REQUIREMENT - Once you find the line containing "Belconnen skate park overview" in the data below, copy it and each following line exactly, up to and including the line containing "[Video] Lasagne ai", and nothing else.

INPUT DATA -
******************************
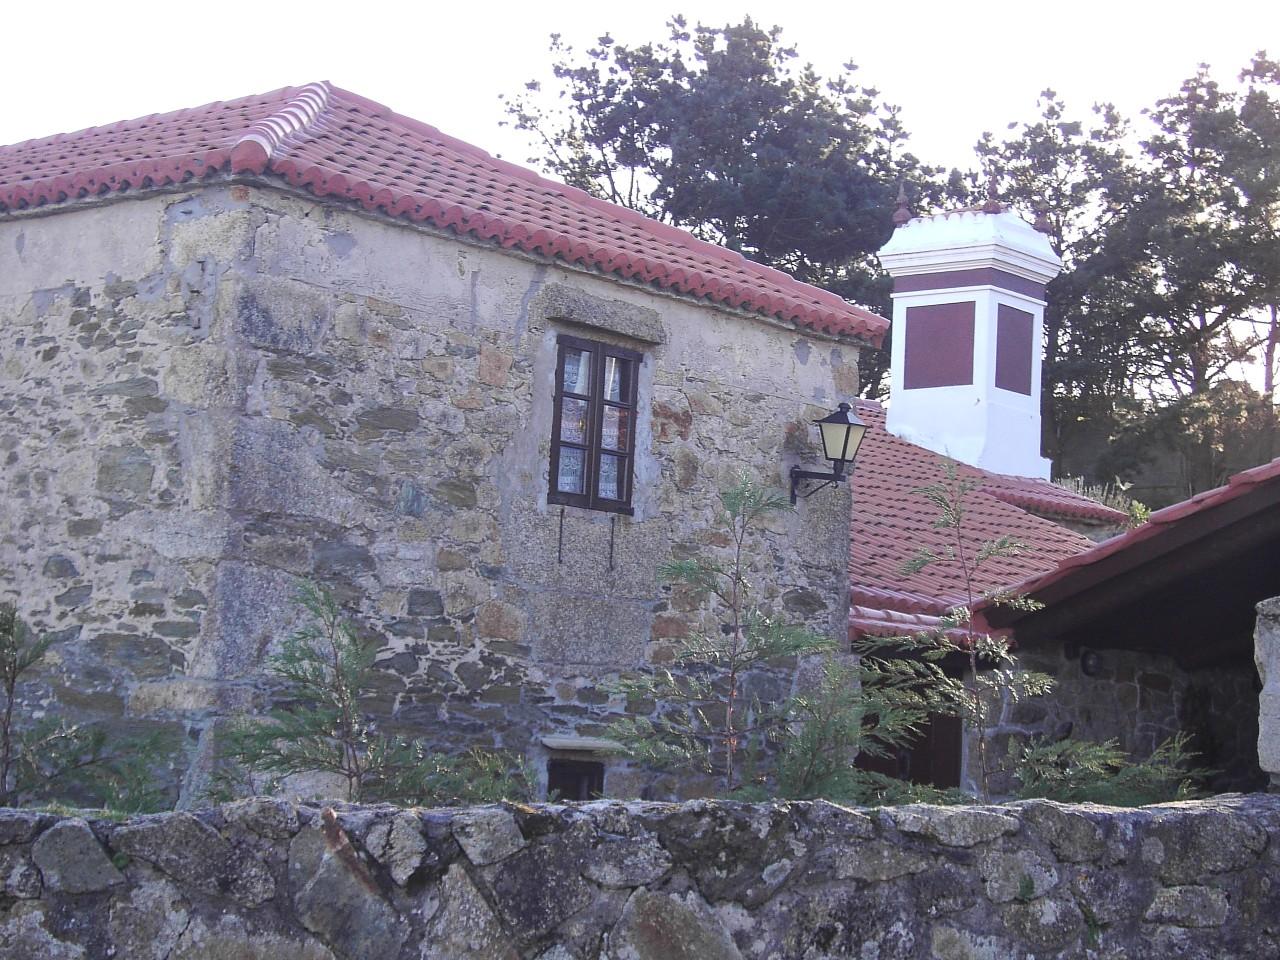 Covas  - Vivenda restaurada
******************************
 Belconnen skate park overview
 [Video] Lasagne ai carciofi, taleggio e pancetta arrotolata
******************************
RESULT FOR THIS TASK -
 Belconnen skate park overview
 [Video] Lasagne ai carciofi, taleggio e pancetta arrotolata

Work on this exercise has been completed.